Der Verein Movimento Passe Livre (Bewegung Freifahrt, MPL) war der Initiator der Kundgebungen in São Paulo. Mit dem Weltsozialforum verbunden, wurde die MPL im Jahr 2003 für den Nulltarif bei öffentlichen Transportmitteln gegründet. Sie funktioniert nach dem Vorbild der « Empörten » (Indignados), die Parteien und Gewerkschaften ablehnen und sich weigern, zwischen den sozialen Klassen Unterschiede zu machen. Aber die aktuelle Flutwelle von Protesten, auch wenn sie Studenten, Erwerbstätige, Arbeitslose und durch das Kapital verarmte Pseudo-Selbstständige in den Vorergrund rückt, bleibt eine Bewegung ohne politische Perspektive. Die Faschisten haben davon profitiert, indem sie militante Arbeiter, die bei den Protesten ihre Banner zeigten, attackierten. Faschisten und traditionelle bürgerliche Parteien ergriffen die Gelegenheit, um den Protesten eine nationalistische Färbung zu geben und ihre reaktionären Parolen gegen Abtreibung oder für die Todesstrafe zu verbreiten. Das spielte der Militärpolizei (mit ihren Provokateuren in Zivil) in die Hände, die mit Schlagstöcken, Tränengas und Gummigeschossen gegen die Demonstranten vorgeht. Die MPL mit ihrem pazifistisch-demokratischen Programm ist unfähig, die Erfüllung der Forderungen der Ausgebeuteten in Brasilien und den Schutz derjenigen, die demonstrieren, zu gewährleisten.

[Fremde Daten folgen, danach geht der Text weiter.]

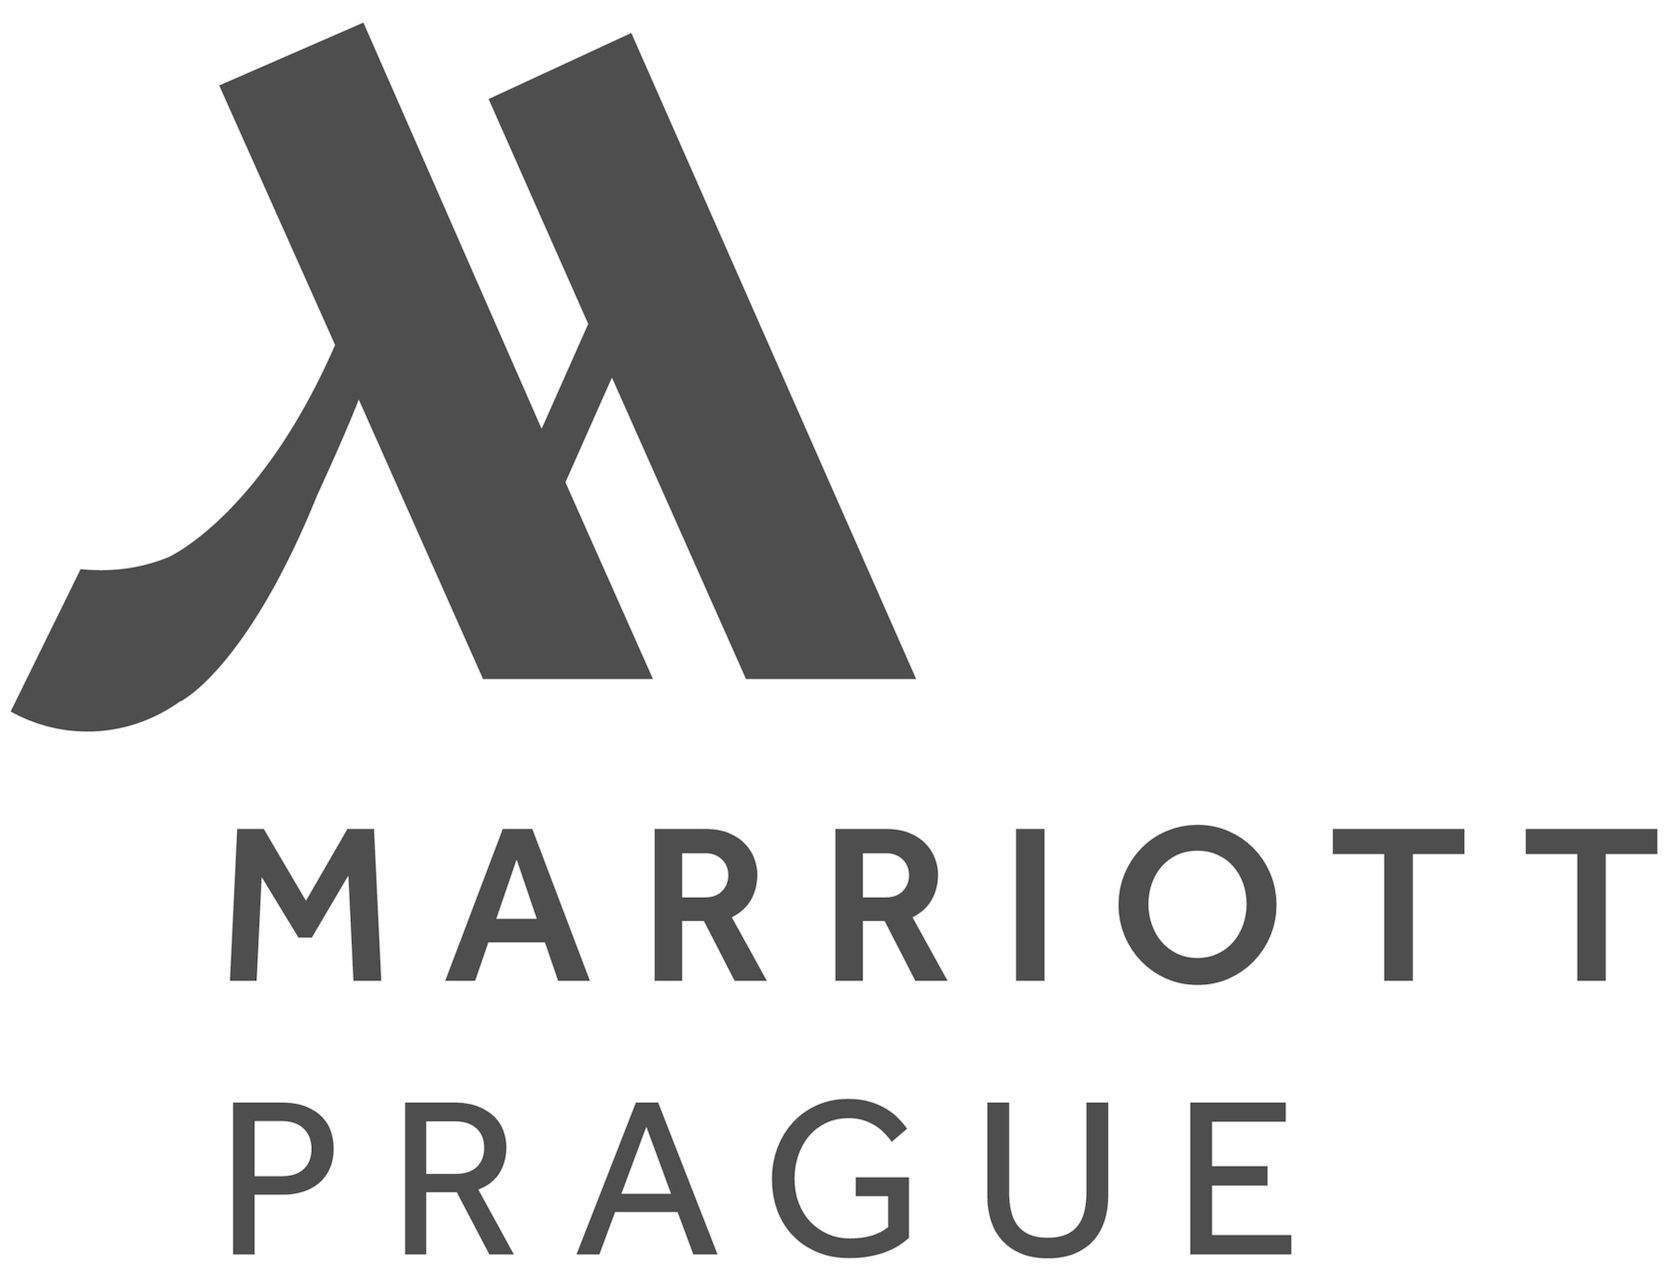 Prague Marriott Hotel

Zehn Jahre kapitalistischer Herrschaft durch die PT und ihre bürgerlichen Verbündeten
Dieser Ausbruch von Mobilisierungen – der erste in solch einem Ausmaß seit mehr als 20 Jahren – entstand auf einer spontanen und klaren Basis, wie dem Kampf gegen die steigenden Tarife für die öffentlichen Verkehrsmittel und die riesigen Investitionen für die FIFA-Fußballweltmeisterschaft 2014. Aber innerhalb weniger Tage folgten Forderungen gegen die Korruption der Parlamentsabgeordneten, gegen die Verschlechterung der öffentlichen Dienstleistungen (Gesundheit, Bildung …) und den allgemeine Anstieg der Preise ohne gleichzeitig Lohnsteigerungen und zogen breite Massen in die Bewegung hinein.

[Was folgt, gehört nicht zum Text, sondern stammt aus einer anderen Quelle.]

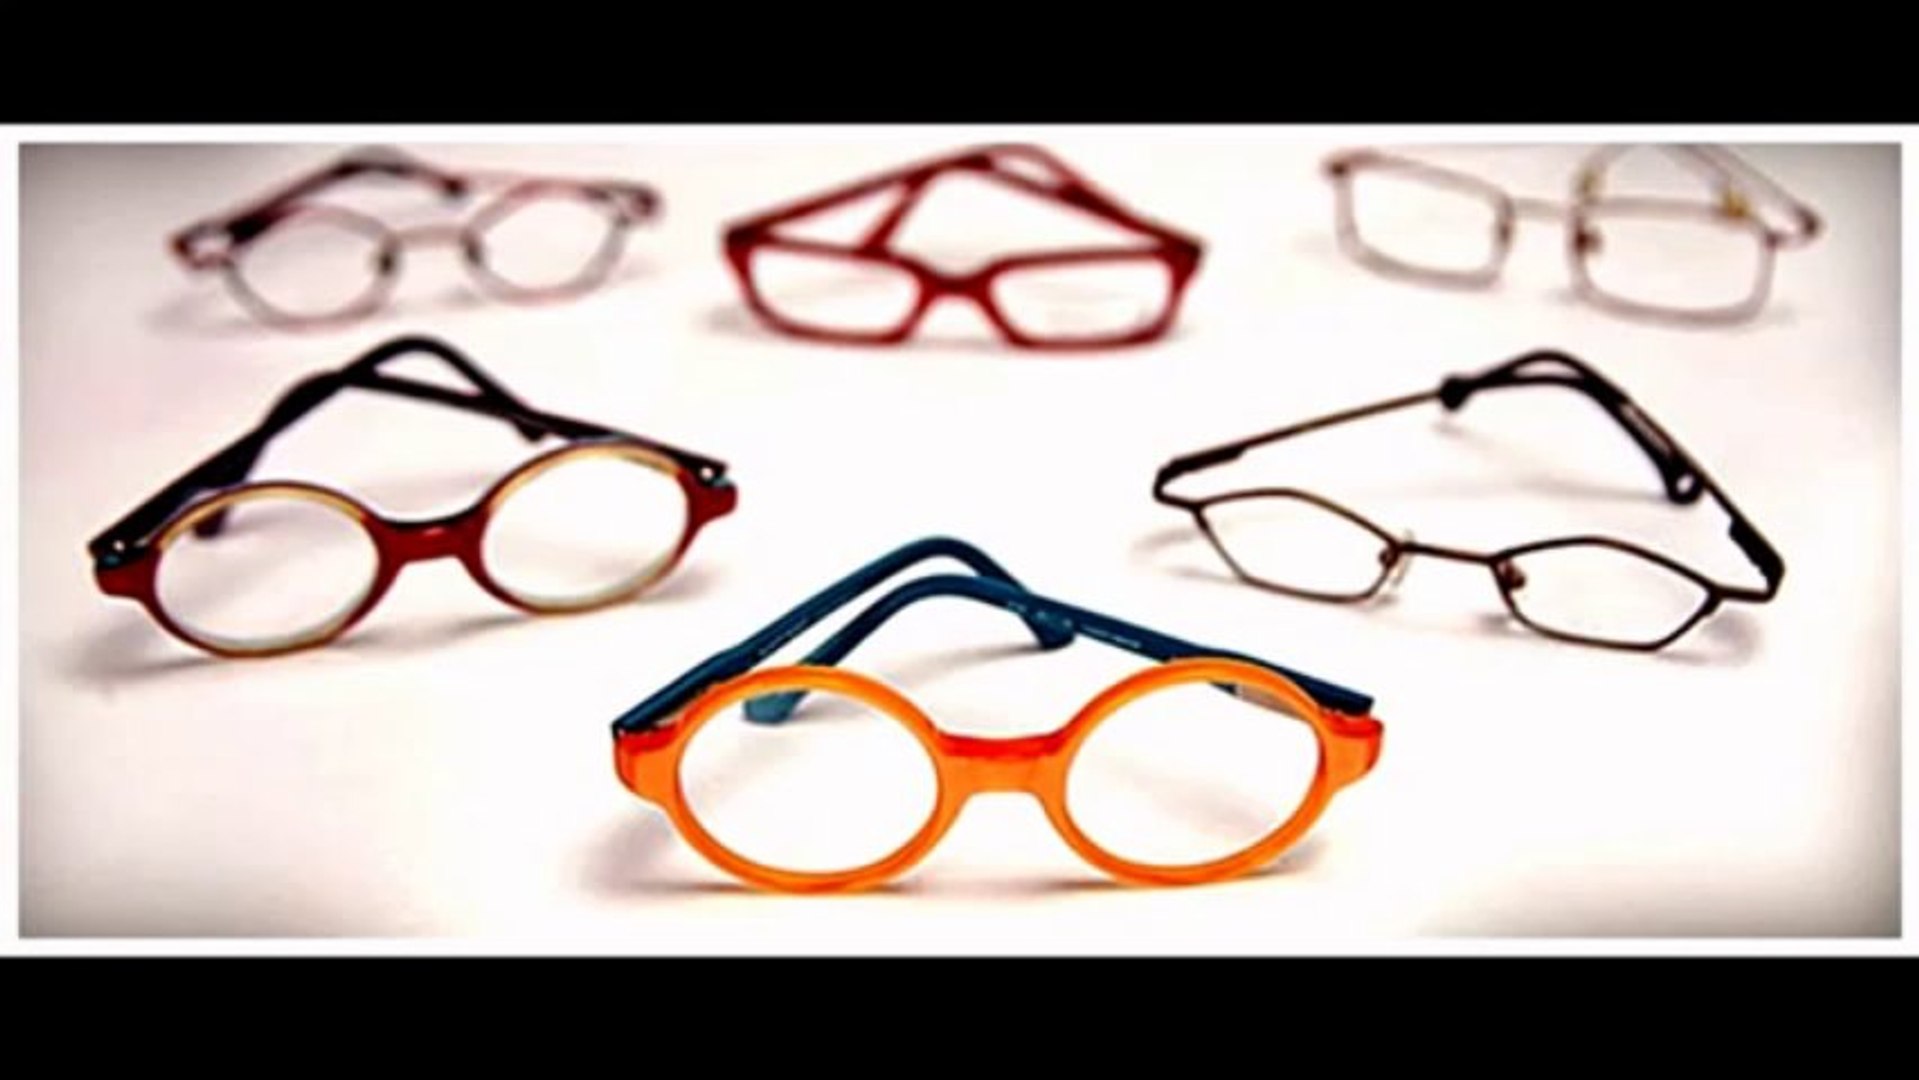 Kids Eyeglasses Frames - Spectacles for Kids - Buy Kids Glasses Online at Shopglasses.co.in

Trotz der jahrelangen Versprechungen des „Präsidenten der Armen“ Lula, der 2002 als Kandidat der Arbeiterpartei PT gewählt worden war, liegt das Niveau der sozialen Ungleichheit im interntionalen Spitzenfeld (Gini-Koeffizient von 0,57). Keine Agrarreform hat den armen Bauern zu Land verholfen, die Löhne sind kaum gestiegen (der Mindestlohn beträgt 675 Real, etwa 240 Euro), während die Jahr 2011 gewählte Nationalversammlung eine 62%ige Erhöhung der Gehälter der Abgeordneten beschloss. Das Amazonasgebiet und seine indigene Bevölkerung werden geplündert und ihr Lebensraum zerstört. Nachdem er seiner 2010 gewählten Kronprinzessin in der PT, Dilma Rousseff, Platz machte, hinterließ Lula einen korrupten Staat, in dem die PT in die übelsten Schmiergeldaffären verwickelt war. Rousseff, im Bündnis mit bürgerlichen Parteien wie der PMDB, verfolgte die gleiche Politik im Dienst der « aufstrebenden » brasilianischen Bourgeoisie, die sich durch ihren verschwenderischen Lebensstil und imperialistische Ansprüche auf dem Kontinent auszeichnet. Bei der Verteidigung ihrer Bourgeoisie spielt Präsidentin Rousseff die gleiche Rolle wie Kirchner, Mujica, Correa, Morales und Maduro, Verteidiger des Kapitalismus in Lateinamerika.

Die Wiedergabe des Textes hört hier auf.